Follow the instructions below to install the certificate on a Tomcat Server
Step 1: Download your Thawte certificate in PKCS#7 format
- You will receive an email when your certificate is issued.
- Retail Clients: Download your certificate in PKCS#7 format.
- Reseller Clients: Download your certificate in PKCS#7 format.
- Copy and Paste your Thawte certificate to Notepad and save as a cert.p7b
Step 2: Install your certificate and restart
- Import the Certificate into the Java keystore using the following keytool command:
keytool -import -alias tomcat -trustcacerts -file cert.p7b -keystore [keystorename]
Alternate installation instructions if above errors with "keytool error: certificatesexception: Input not an X.509 certificate" occur.
- Follow Step 1 by downloading an X.509 certificate file format.
- Download both Primary and Secondary Intermediate certificate as separate files.
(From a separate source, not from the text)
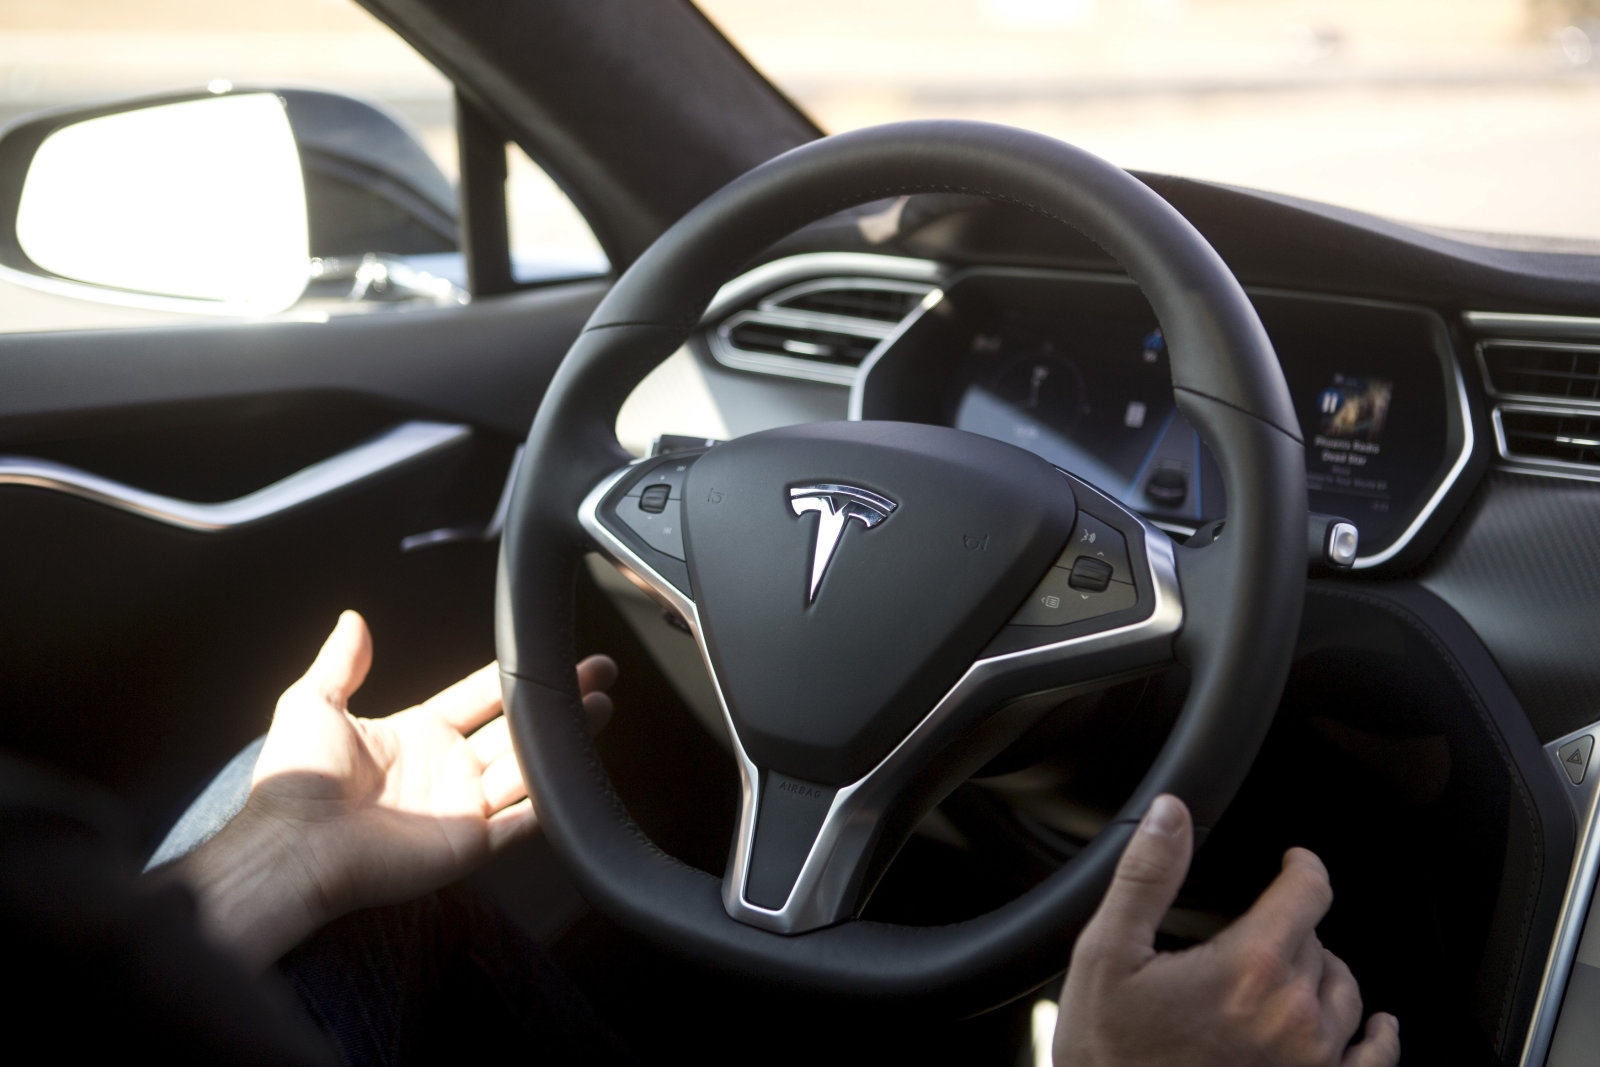 US regulator blocks sales of device that fools Tesla's Autopilot | DeviceDaily.com

- Select the Intermediate CAs link based on your certificate product type. Once you have the SSL certificate, Primary and Secondary Intermediate CA certificate files, begin the import process.
Note: It is imperative the installation of Primary Intermediate CA, Secondary Intermediate CA and SSL certificate on the keystore is followed below.
- Import the Primary Intermediate certificate (e.g., use alias: PrimaryIntCA)
keytool -import -alias primary -trustcacerts -file primary_intermediate_file_name -keystore [keystorename]
- Import the Secondary Intermediate certificate (e.g., use alias: SecondaryIntCA)
keytool -import -alias secondary -trustcacerts -file secondary_intermediate_file_name -keystore [keystorename]
- Import the SSL certificate (Use the same alias name based on the created keystore and submitted CSR from Thawte)
keytool -import -alias [your_alias_name] -trustcacerts -file X.509_file_name -keystore [keystorename]
Note: Tomcat keeps its configuration information in the server.xml file. Configure Tomcat to reference the correct keystore and keystore password.
Tomcat runs SSL over port 8443. Make sure that this port is enabled on the Tomcat server and any firewalls/proxies this server may lie behind.